极紫外（EUV）反射镜在使用过程中的氧化及表面碳污染沉积，严重影响了极紫外光刻（EUVL）技术的工业应用。为了延长EUV 反射镜的稳定性与使用寿命，一般采取在Mo/Si多层膜表面添加保护层。采用直流反应磁控溅射技术，建立氧气流量与溅射电压之间的“迟滞回线”关系，进而准确掌握不同氧化物保护层所需氧气量，以此减少过多的活性氧对下层Mo/Si多层膜的影响，提高镜面的反射率。选用RuO2与TiO2两种保护层材料进行比较，根据充氧量的不同，分析不同反应阶段的薄膜特性。针对催化性和物理稳定性更好的TiO2 薄膜，在晶相、表面粗糙度、截面均匀性和化学组分等方面给予评价。

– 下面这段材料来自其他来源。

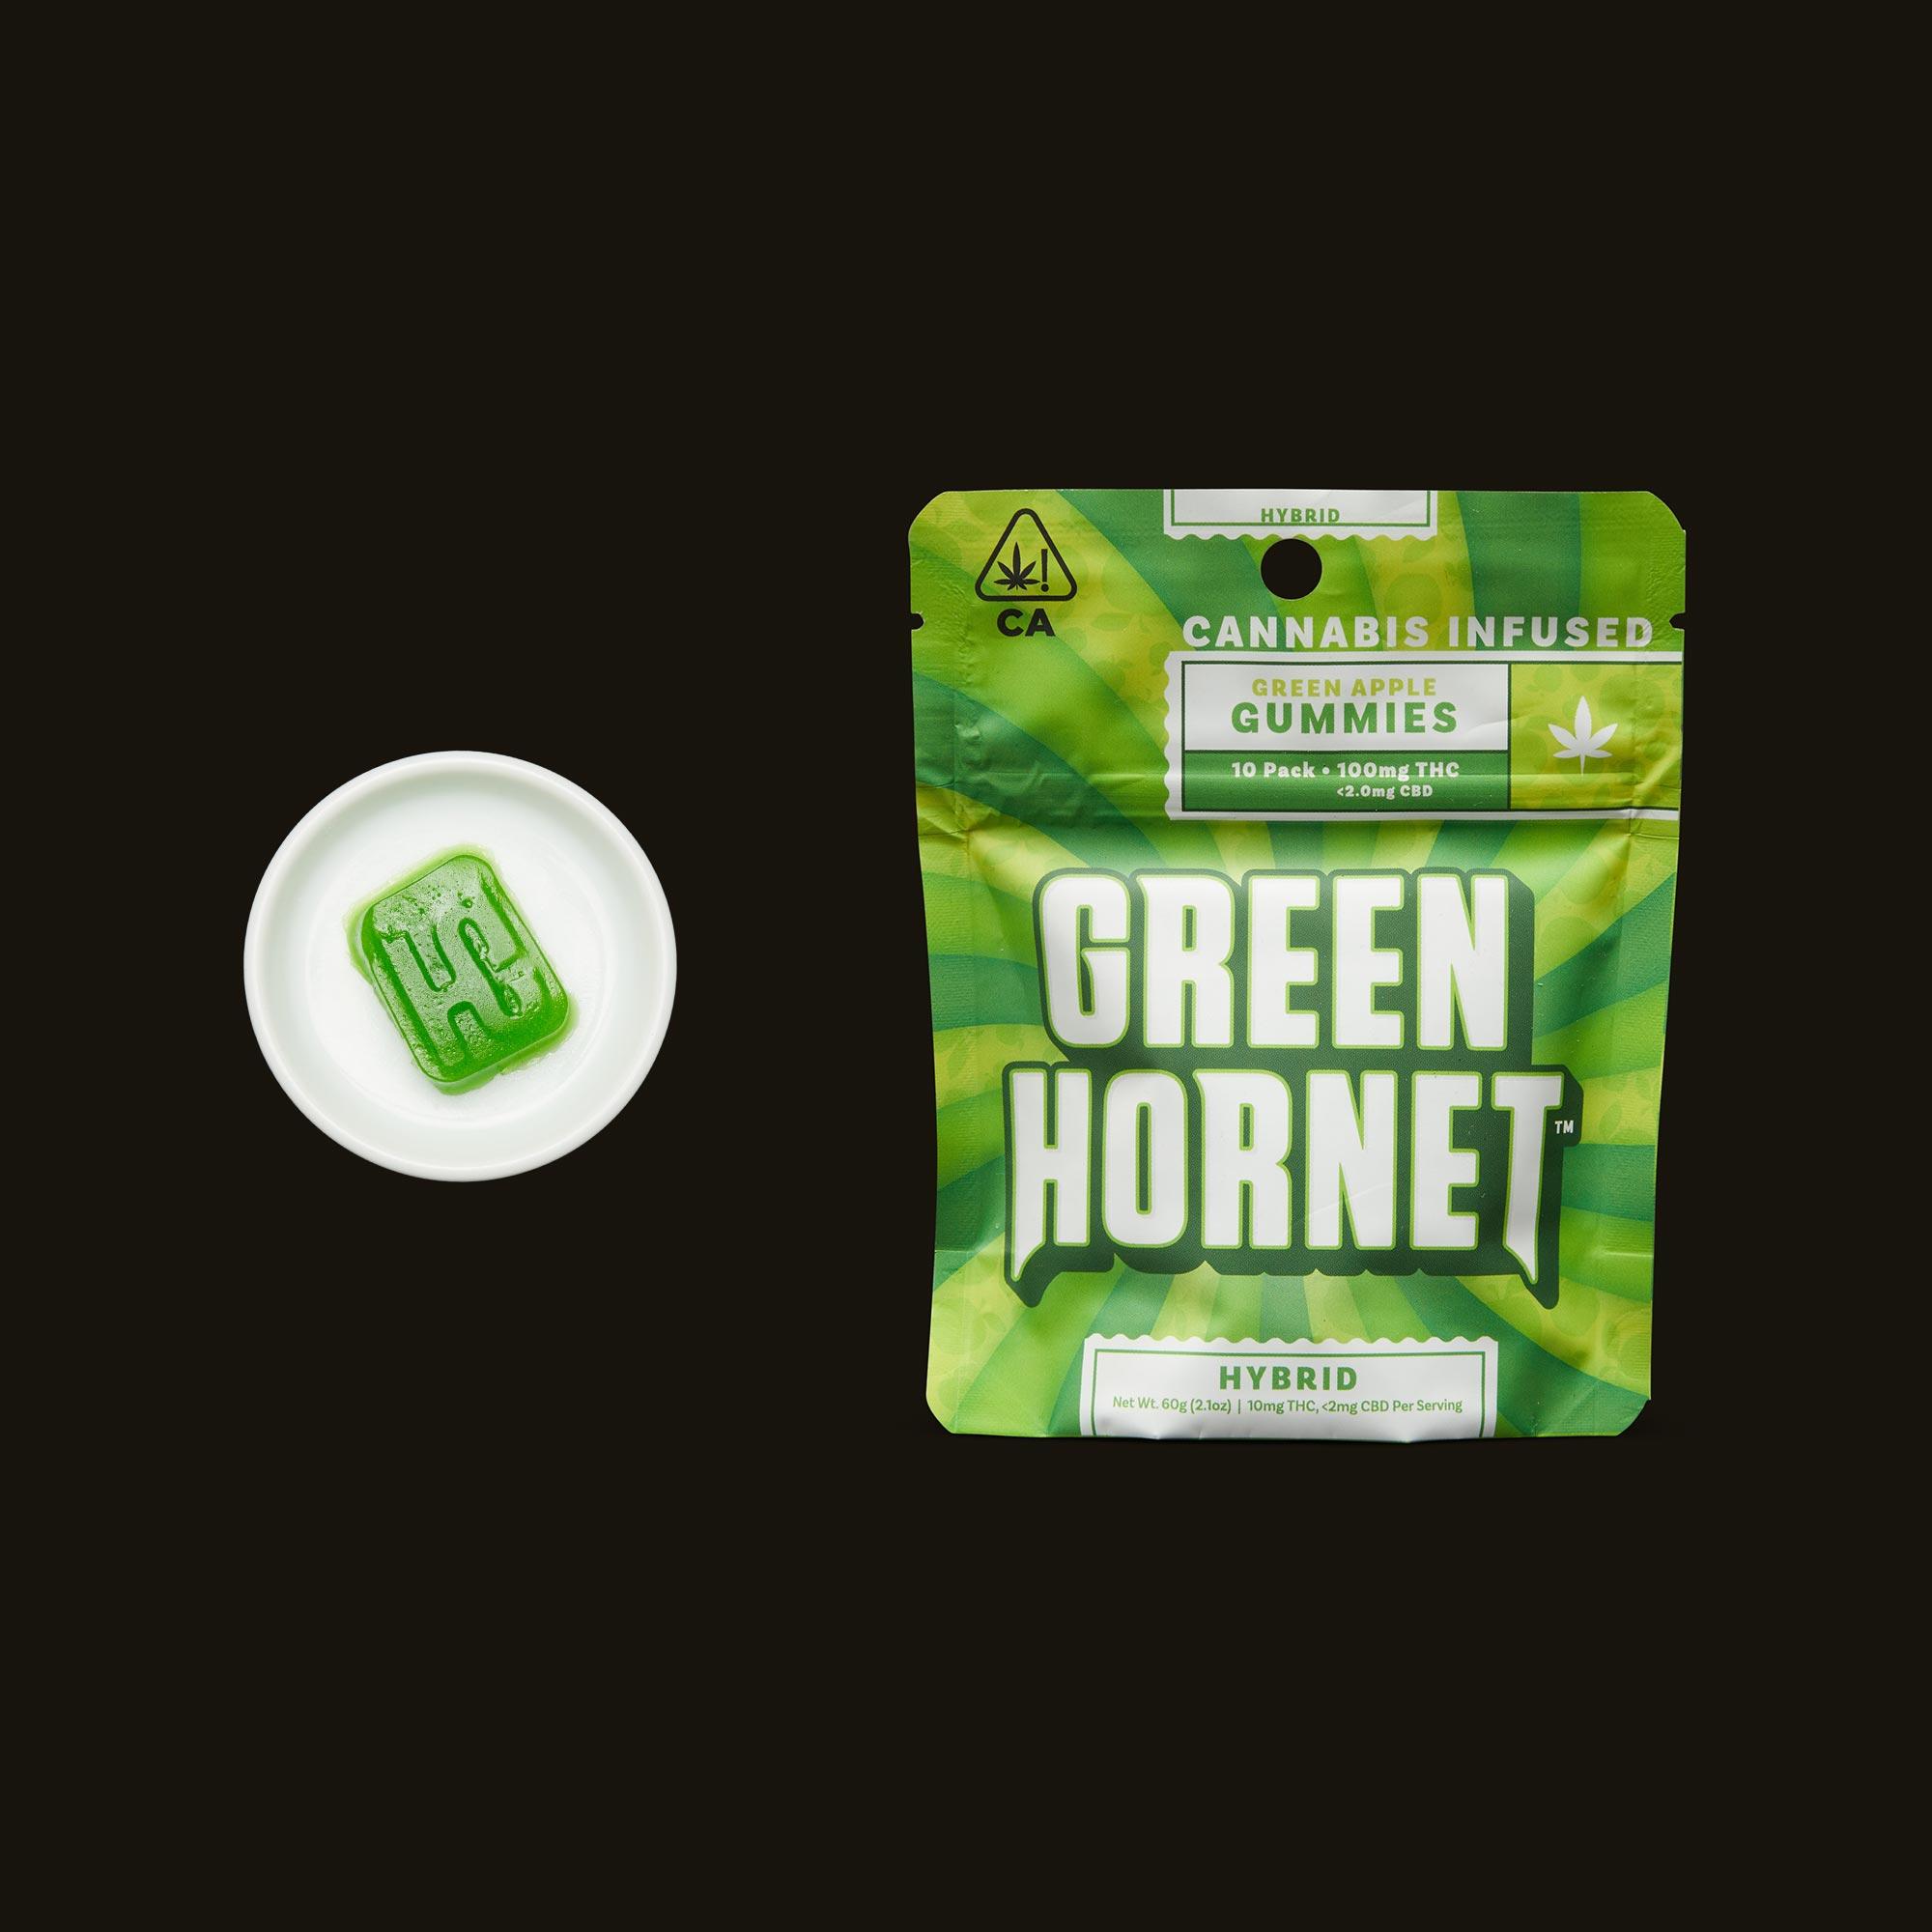 Green Hornet Hybrid Green Apple Gummies

研制出膜质致密均匀的非晶态TiO2薄膜，其表面粗糙度优于100 pm；TiO2纯度(质量分数)达97.2%；保护层厚度为2 nm 的Mo/Si多层膜的反射率损失小于5%，满足EUV 外多层膜的基本要求。

The development of industrial applications of extreme ultraviolet lithography (EUVL) severely based on surface oxidation and carbon contamination on using extreme ultraviolet (EUV) reflective mirrors. The capping layer coating on the Mo/Si multilayer is a promising method to improve the stability and service life of the reflective mirrors. The capping layer is prepared by direct current reactive magnetron sputtering. The "hysteresis loop”of oxygen flow and sputtering voltage is established, the required oxygen flow for different oxides is accurately grasped. Choosing the RuO2 and TiO2 as the capping layer materials; the different film characteristics in each state is analyzed. For TiO2 films, crystal phase, surface roughness, cross section uniformity and chemical composition are evaluated. 97.2% TiO2 content (mass fraction) of Ti-oxide is obtained; reflectivity of Mo/Si multilayer with 2 nm TiO2 as capping layer is controlled in 5%; surface roughness less than 100 pm, dense and uniform amorphous TiO2 films is fabricated to make this capping layer achieve the basic requirements of EUV.